[<prev] [next>] [<thread-prev] [thread-next>] [day] [month] [year] [list]
Message-ID: <7eddcc58-f65f-0be9-60e8-2de013365909@linux.microsoft.com>
Date: Thu, 17 Sep 2020 11:03:56 -0700
From: Vijay Balakrishna <vijayb@...ux.microsoft.com>
To: Michal Hocko <mhocko@...e.com>
Cc: Andrew Morton <akpm@...ux-foundation.org>,
"Kirill A. Shutemov" <kirill.shutemov@...ux.intel.com>,
Oleg Nesterov <oleg@...hat.com>,
Song Liu <songliubraving@...com>,
Andrea Arcangeli <aarcange@...hat.com>,
Pavel Tatashin <pasha.tatashin@...een.com>,
Allen Pais <apais@...rosoft.com>, linux-kernel@...r.kernel.org,
linux-mm@...ck.org
Subject: Re: [[PATCH]] mm: khugepaged: recalculate min_free_kbytes after
memory hotplug as expected by khugepaged
On 9/17/2020 5:12 AM, Michal Hocko wrote:
> On Wed 16-09-20 11:28:40, Vijay Balakrishna wrote:
> [...]
>> OOM splat below. I see we had kmem leak detection turned on here. We
>> haven't run stress with kmem leak detection since uncovereing low
>> min_free_kbytes. During investigation we wanted to make sure there is no
>> kmem leaks, we didn't find significant leaks detected.
>>
>> [330319.766059] systemd invoked oom-killer:
>> gfp_mask=0x40cc0(GFP_KERNEL|__GFP_COMP), order=1, oom_score_adj=0
>
> [...]
>> [330319.861064] Mem-Info:
>> [330319.863519] active_anon:60744 inactive_anon:109226 isolated_anon:0
>> active_file:6418 inactive_file:3869 isolated_file:2
>> unevictable:0 dirty:8 writeback:1 unstable:0
>> slab_reclaimable:34660 slab_unreclaimable:795718
>> mapped:1256 shmem:165765 pagetables:689 bounce:0
>> free:340962 free_pcp:4672 free_cma:0
>
> The memory consumption is predominantely in slab (unreclaimable). Only
> ~8% of the memory is on LRUs (anonymous + file). Slab (both reclaimable
> and unreclaimable) is ~40%. So there is still a lot of memory
> unaccounted (direct users of the page allocator). This would partially
> explain why the oom killer is not able to make progress and eventually
> panics because it is the kernel which is blowing the memory consumption.
>
> There is still ~1G free memory but the problem is that this is a
> GFP_KERNEL request which is not allowed to consume Movable memory.

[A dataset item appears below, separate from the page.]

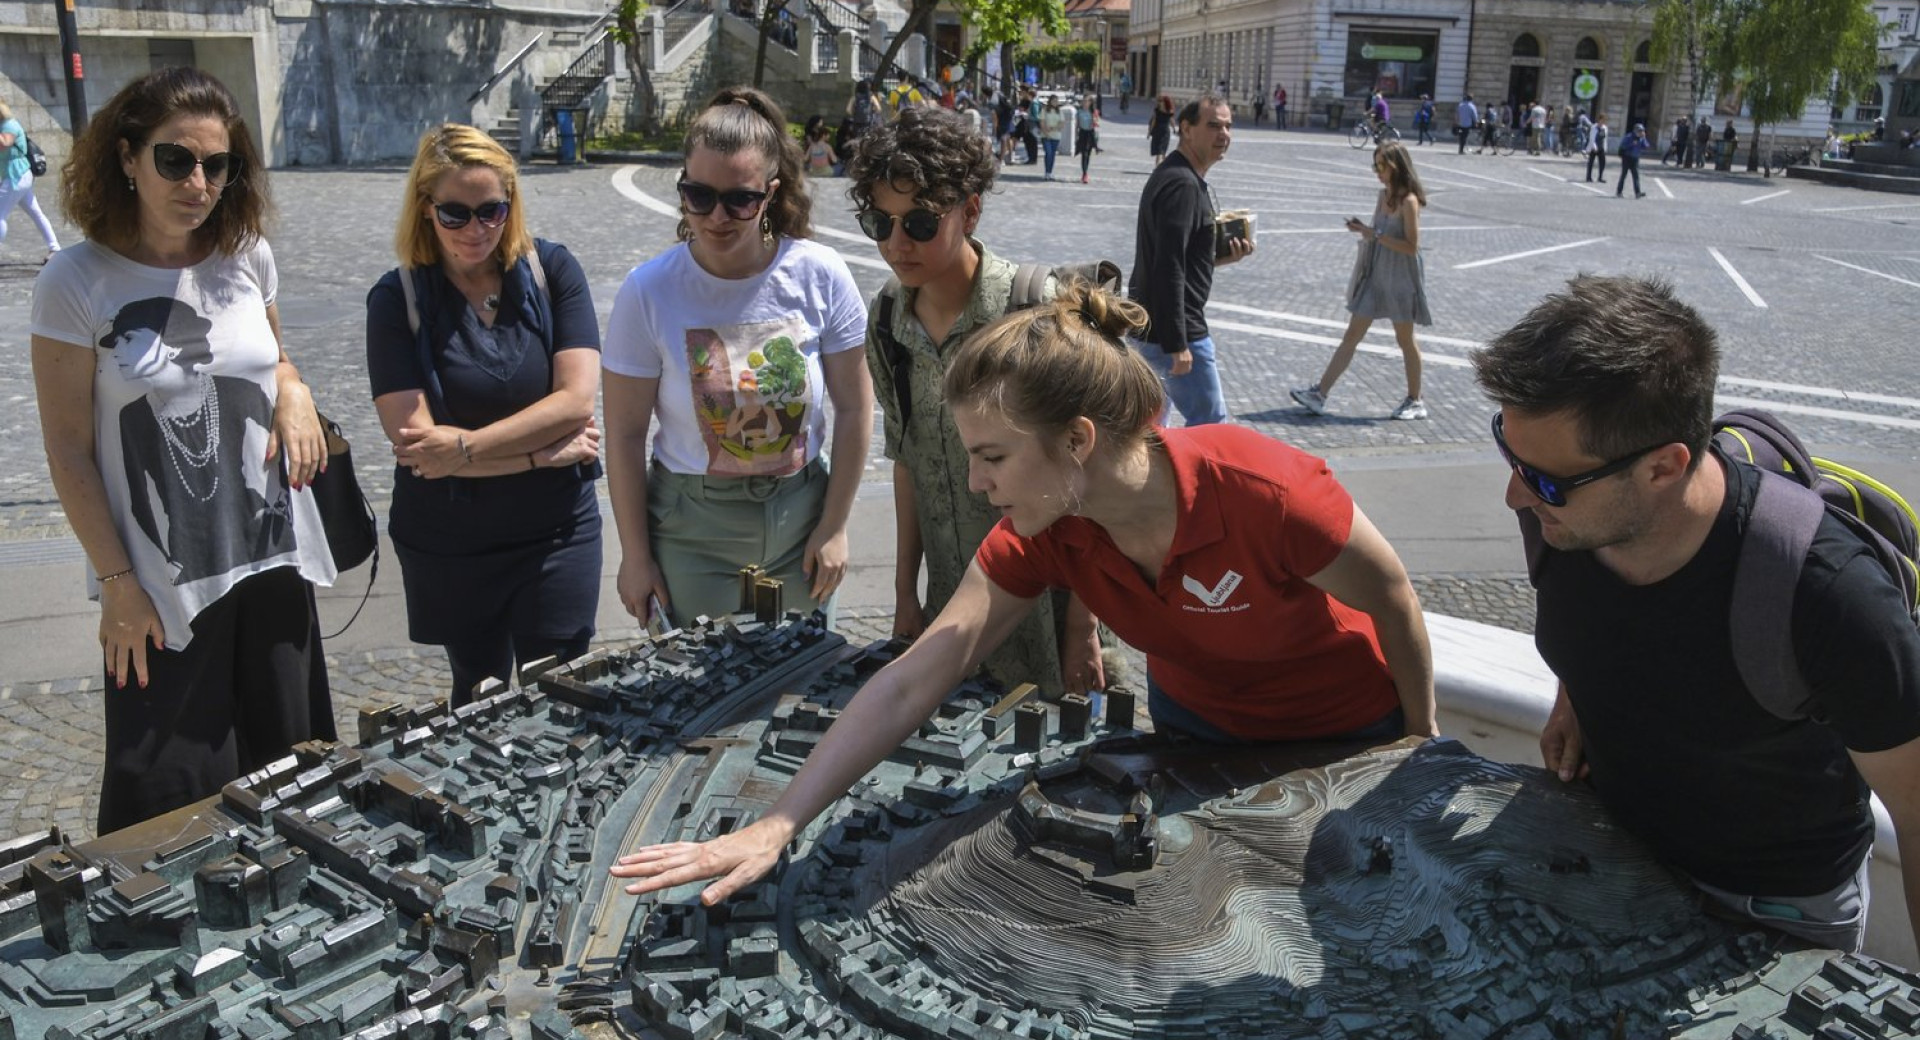 Turistična vodnica s skupino obiskovalcev pred maketo Ljubljane na Prešernovem trgu

> Zone normal is depleted and therefore it cannot satisfy this request
> even when there are some order-1 pages available.
>
>> [330319.928124] Node 0 Normal free:12652kB min:14344kB low:19092kB=20
>> high:23840kB active_anon:55340kB inactive_anon:60276kB active_file:60kB
>> inactive_file:128kB unevictable:0kB writepending:4kB present:6220656kB
>> managed:4750196kB mlocked:0kB kernel_stack:9568kB pagetables:2756kB
>> bounce:0kB free_pcp:10056kB local_pcp:1376kB free_cma:0kB
> [...]
>> [330319.996879] Node 0 Normal: 3138*4kB (UME) 38*8kB (UM) 0*16kB 0*32kB
>> 0*64kB 0*128kB 0*256kB 0*512kB 0*1024kB 0*2048kB 0*4096kB = 12856kB
>
> I do not see the state of swap in the oom splat so I assume you have
> swap disabled. If that is the case then the memory reclaim cannot really
> do much for this request. There is almost no page cache to reclaim.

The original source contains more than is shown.